BumbleBee malware returns to the scene after a 4-month hiatus

The sophisticated Bumblebee shipper has returned to the threat landscape after a four-month hiatus, with a new email campaign targeting thousands of organizations across the United States.

Bumblebee, an initial login loader used by multiple cyber criminal groups to eliminate various payloads such as infostealers, banking Trojans and post-compromise tools, primarily appeared on the scene in March 2022. Until last October, threat actors relied heavily on it as their malware loader of choice, only to disappear from researchers’ radar.

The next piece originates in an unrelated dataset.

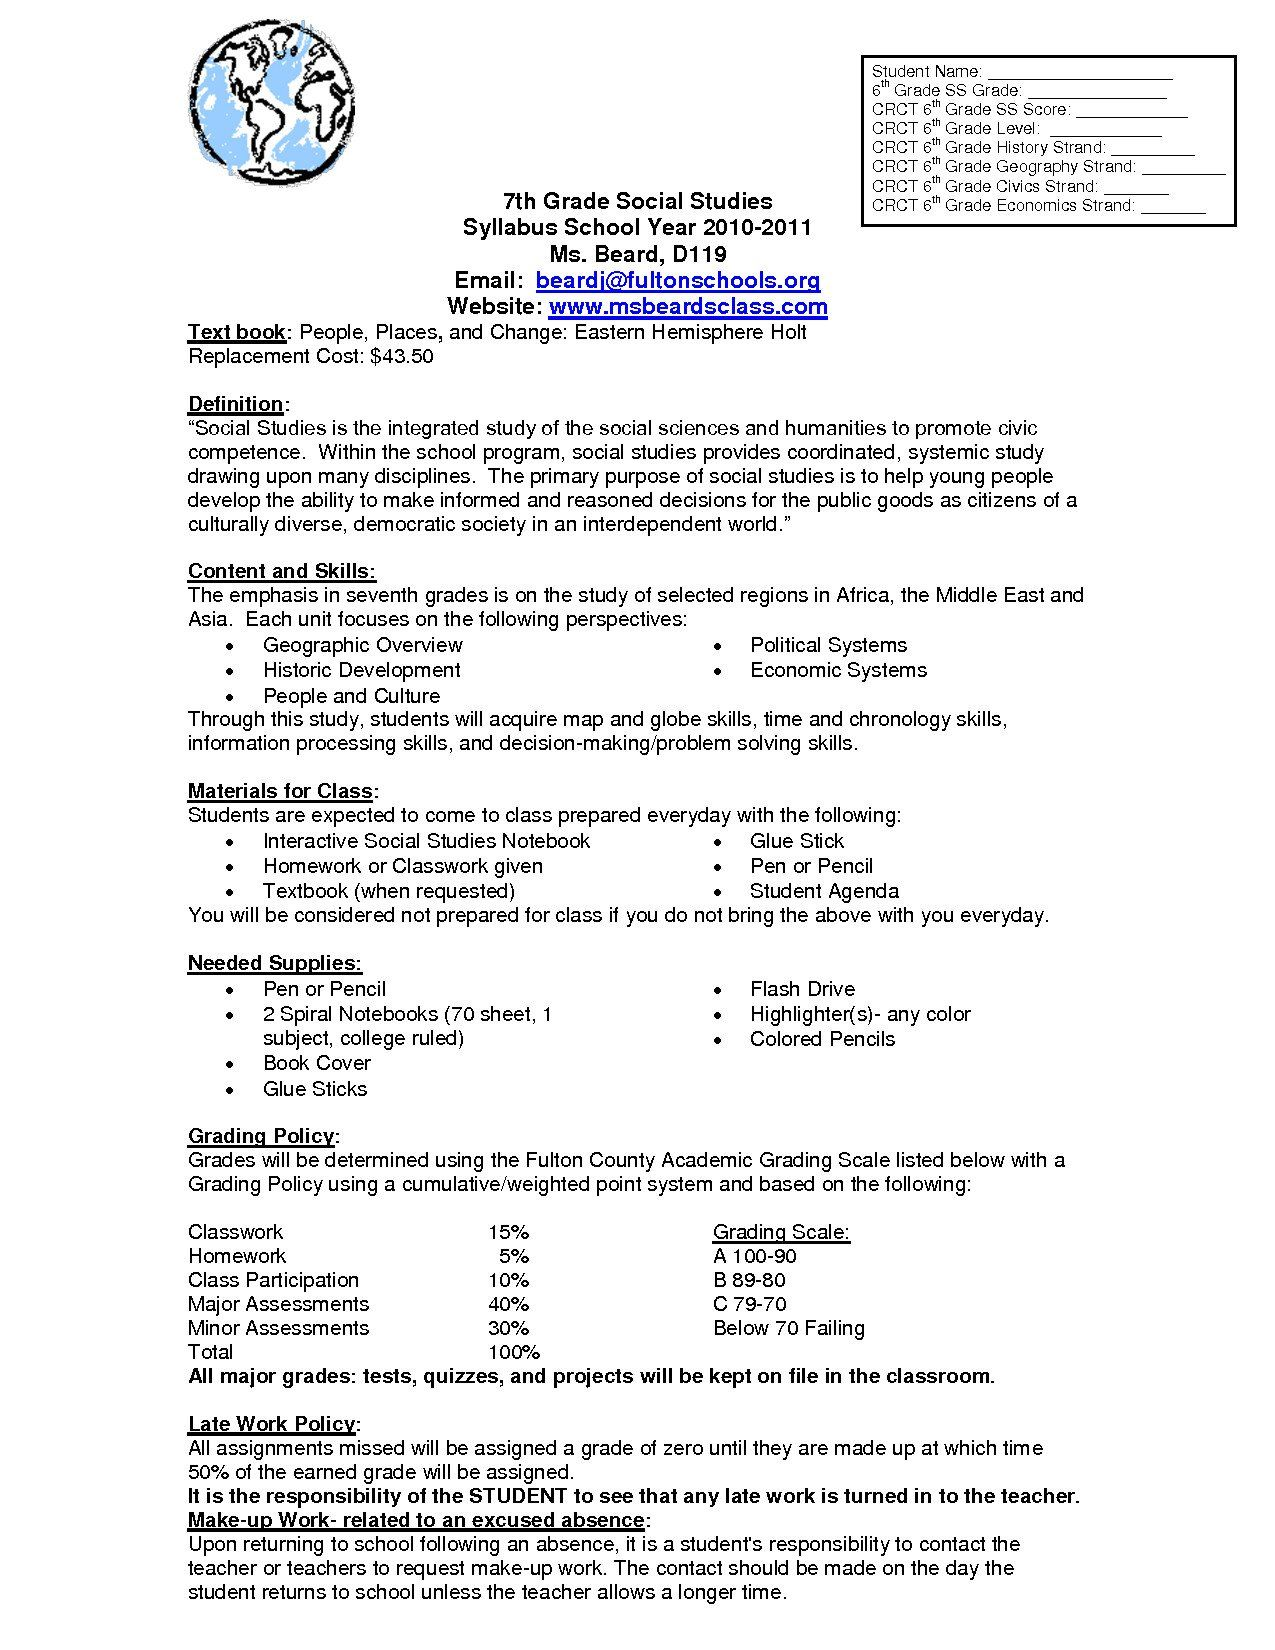 9th Grade Social Studies Worksheets Best Social Stu S For 7th Graders Worksheet In 2020 Social Studies Worksheets History Worksheets 7th Grade Social Studies

The Charger has reportedly returned in a campaign observed this month by the Proofpoint Threat Research Team to a blog post published Tuesday. The campaign includes several thousand emails with the subject “February Secretariat”, sent by the sender “info@quarlesaa[.]com” and containing malicious Microsoft OneDrive URLs.

These URLs lead to a Word file with names like “ReleaseEvans#96.docm” that spoofs the consumer electronics company Humane. The researchers found that the attack vector ultimately uses a PowerShell command to download and execute a Bumblebee DLL file as an entryway for further malicious activity.

The return of the loader is a harbinger of things to come, Proofpoint researchers noted, as it “is in line with a surge in cybercriminal threat activity after a notable absence of many threat actors and malware.”

2024 “started with a bang for cyber threat actors, with activity returning to very high levels after a temporary winter lull,” the researchers said. “Proofpoint researchers continue to observe new and creative attack chains, attempts to bypass detections, and updated malware from many threat actors, and clusters of unattributed threats,” adding that they expect this flurry of activity to continue through ‘summer.

Other malicious groups returning to action after a hiatus include groups that researchers track as post-exploitation operator TA582; aviation and aerospace targeting actor TA2541; and email campaigns powered by TA571 that provide the DarkGate malware, among others.

Bumblebee Malware’s new and noteworthy flight path

There are a couple of key aspects of the campaign that set it apart from previous attacks using Bumblebee. For example, the campaign uses VBA macro-enabled documents, a tactic rarely used today by threat actors from Microsoft it started blocking macros by default in 2022 to thwart malicious activity, the researchers said.

In the most recent campaign, the Word document used macros to create a script in the Windows temporary directory, which the macro then executed using the “wscript” utility. Inside the released temporary file was a PowerShell command that downloaded and executed the next step from a remote server, stored in a file called “update_ver.” The next step was another PowerShell command, which in turn downloaded and executed the Bumblebee DLL.

Interestingly, the researchers noted, the attack chains used in Bumblebee campaigns before the hiatus were significantly different. Previous campaigns sent emails containing URLs that led to the download of a DLL that, when executed, launched Bumblebee; or the emails contained exploitative HTML attachments HTML smuggling to drop a RAR file that, if executed, exploited the file WinRAR defect CVE-2023-38831 to install Bumblebee.

Other previous Bumblebee campaigns leveraged emails with compressed, password-protected VBS attachments that, when executed, used PowerShell to download and run the loader, or emails that contained compressed LNK files to download an executable file that launched Bumblebee.

“Of the nearly 230 Bumblebee campaigns identified since March 2022, only five used macro-laden content; four campaigns used XL4 macros, and one used VBA macros,” according to the researchers.

Defenders beware

While Proofpoint did not attribute the recent Bumblebee campaign to any monitored threat actor, although the use of OneDrive URLs and return address appears in line with previous TA579 activity. However, the company has included a list of indicators of compromise (IoC) to aid in threat hunting.

The researchers also urged organizations to be on alert for the characteristics of the malicious email campaigns mentioned above and said they assessed with “high confidence” that Bumblebee is used “as an initial login facilitator to deliver subsequent payloads such as the ransomware.”

Organizations can also adopt basic security best practices to avoid compromises with malicious email campaigns, such as conducting employee training to help people identify phishing and other targeted scams and implementing email security scanning software. email that flags suspicious messages before they reach employee inboxes.